START Input material

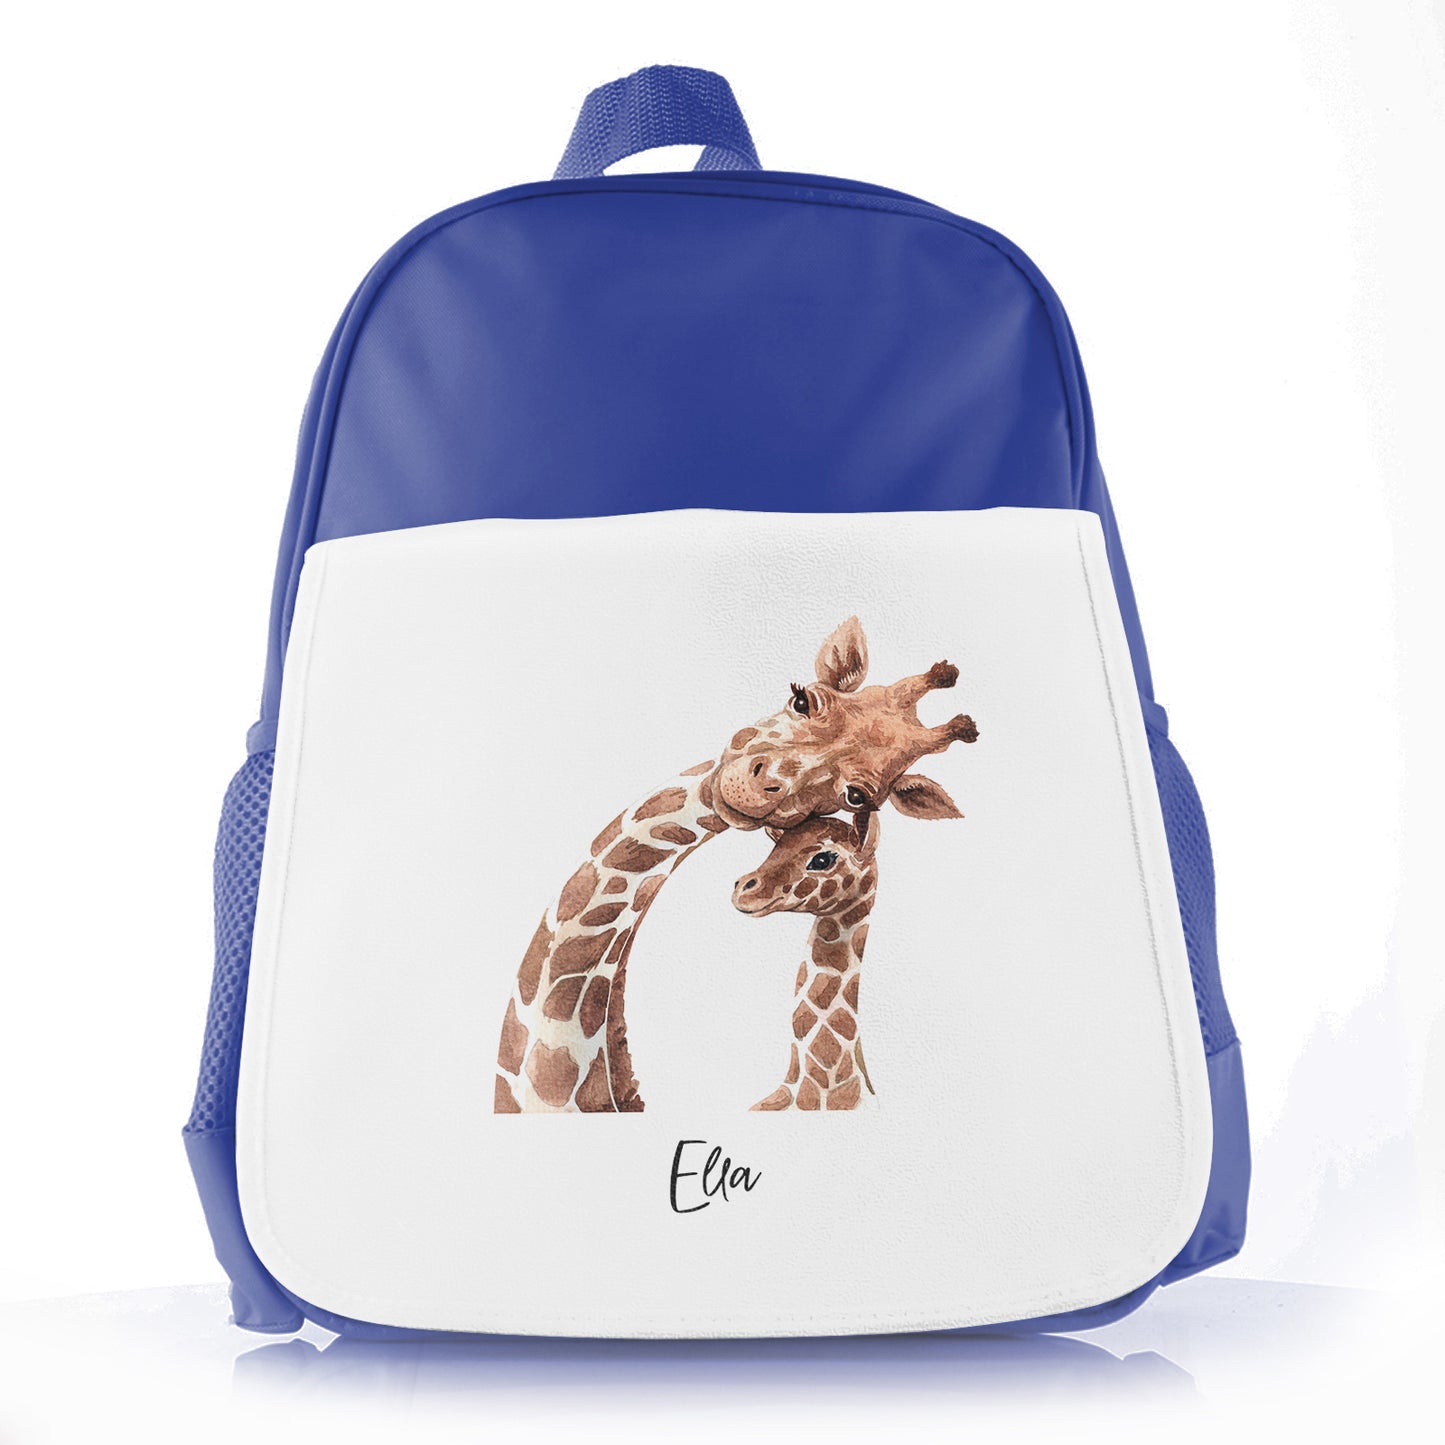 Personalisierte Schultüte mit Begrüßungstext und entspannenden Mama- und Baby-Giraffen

END Input material
START Input material

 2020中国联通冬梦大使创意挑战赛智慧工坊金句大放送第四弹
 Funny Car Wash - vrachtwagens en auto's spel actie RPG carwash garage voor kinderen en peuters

END Input material

Brief: Retype only the lines above between the line with "2020中国联通冬梦大使创意挑战赛智慧工坊金句大放送第四弹" and the line with "Funny Car Wash", counting those two lines as well, and keep every character as it is.

Solution to this task:
 2020中国联通冬梦大使创意挑战赛智慧工坊金句大放送第四弹
 Funny Car Wash - vrachtwagens en auto's spel actie RPG carwash garage voor kinderen en peuters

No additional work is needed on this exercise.